• [Try it]: From the first line to the last, give the material again exactly, without the images.

• [Data]:
__________________________________________________
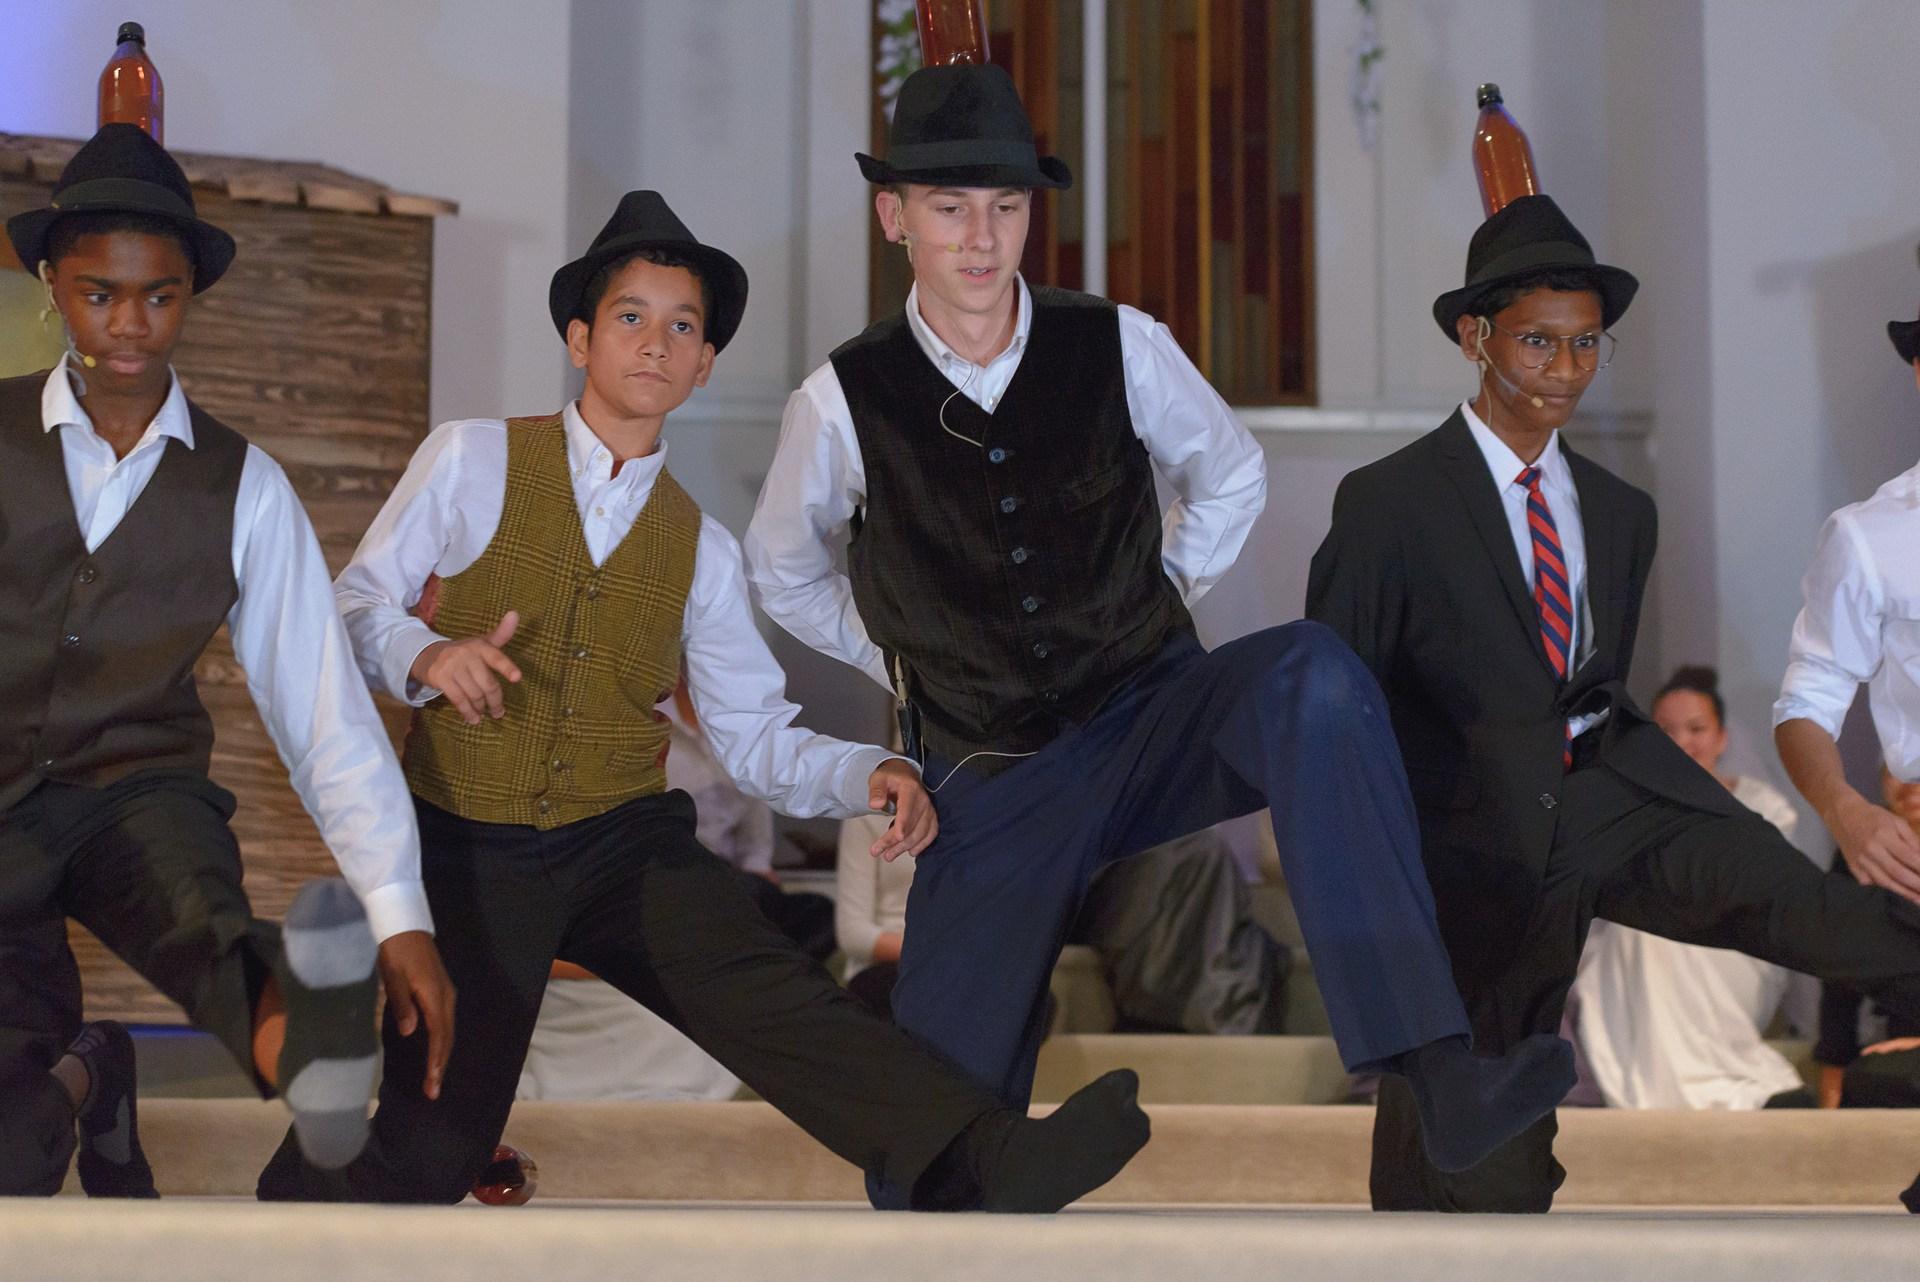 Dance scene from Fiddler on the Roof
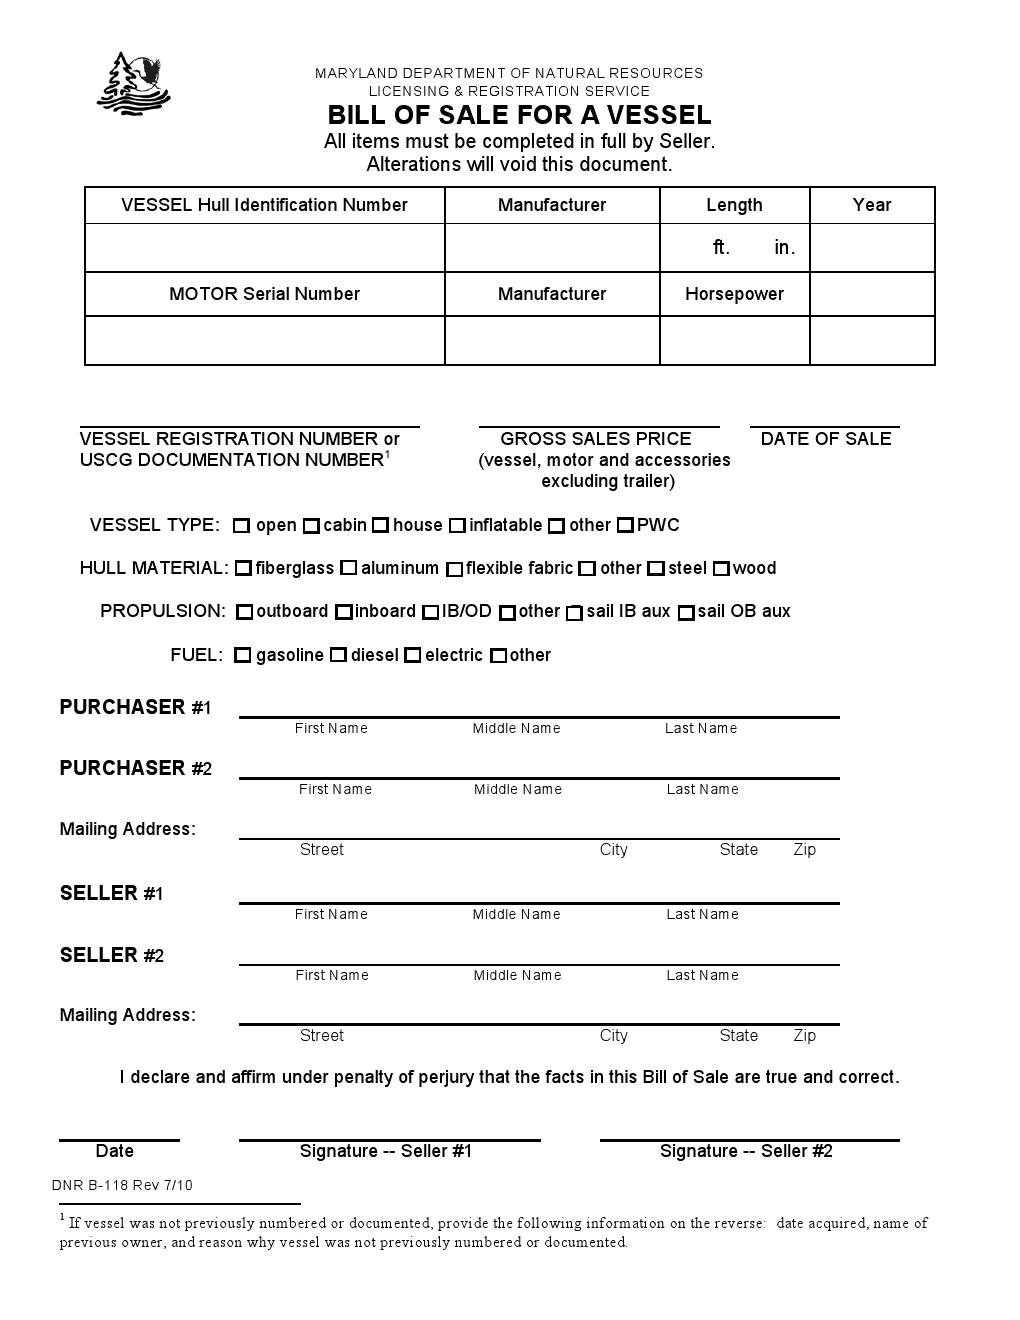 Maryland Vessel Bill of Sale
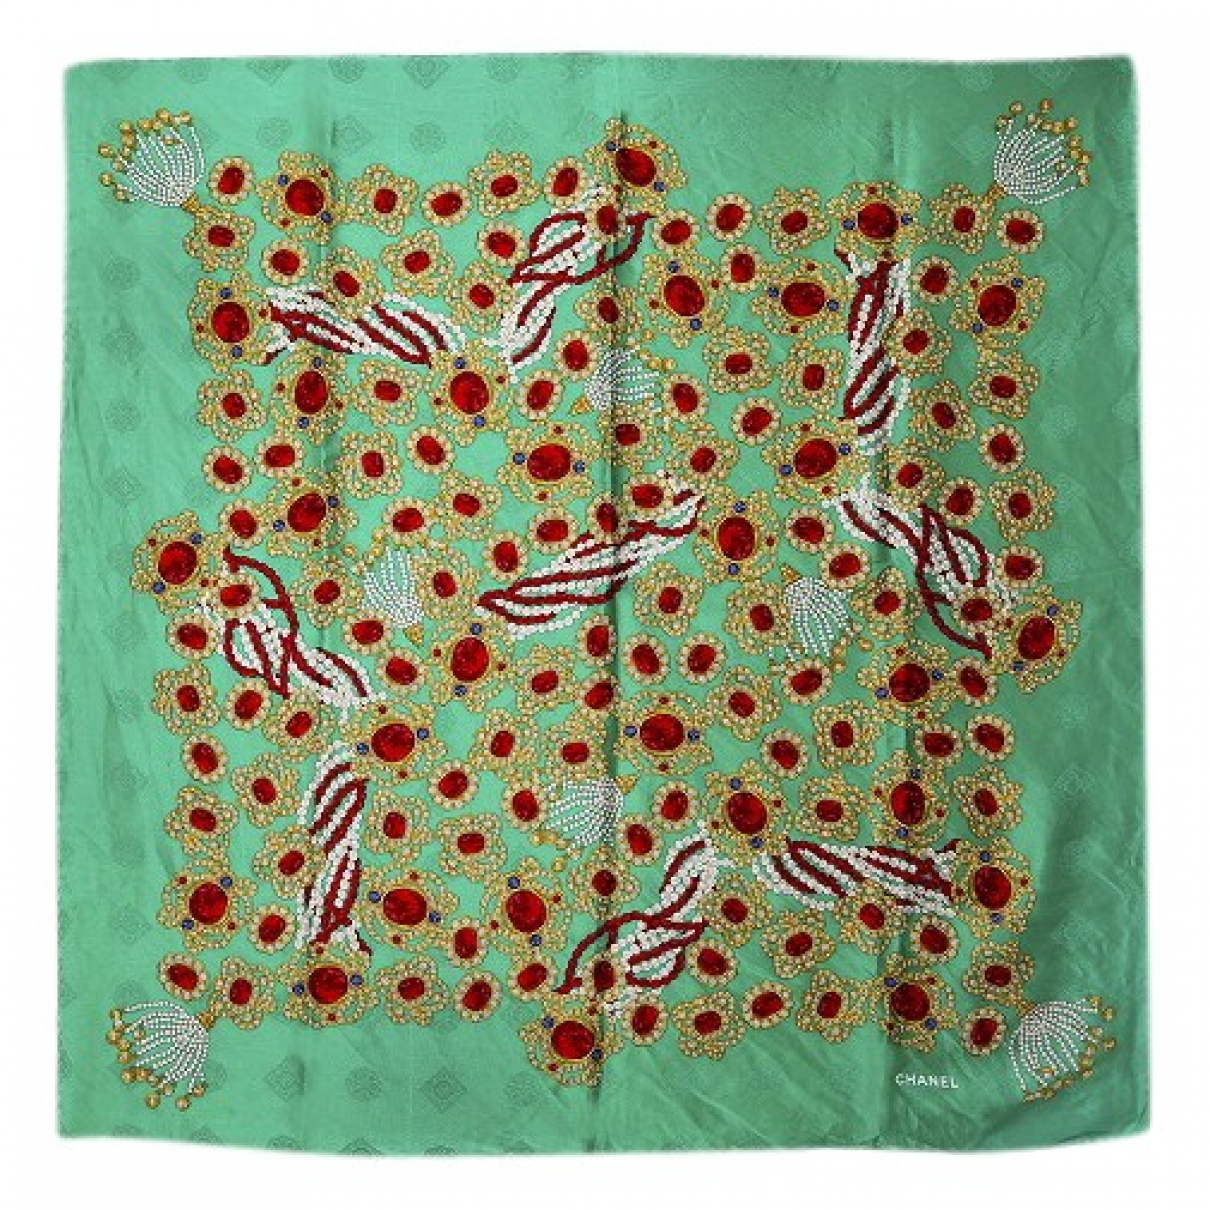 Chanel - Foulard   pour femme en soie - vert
__________________________________________________
• [Answer for the task]:
 Dance scene from Fiddler on the Roof
 Maryland Vessel Bill of Sale
 Chanel - Foulard   pour femme en soie - vert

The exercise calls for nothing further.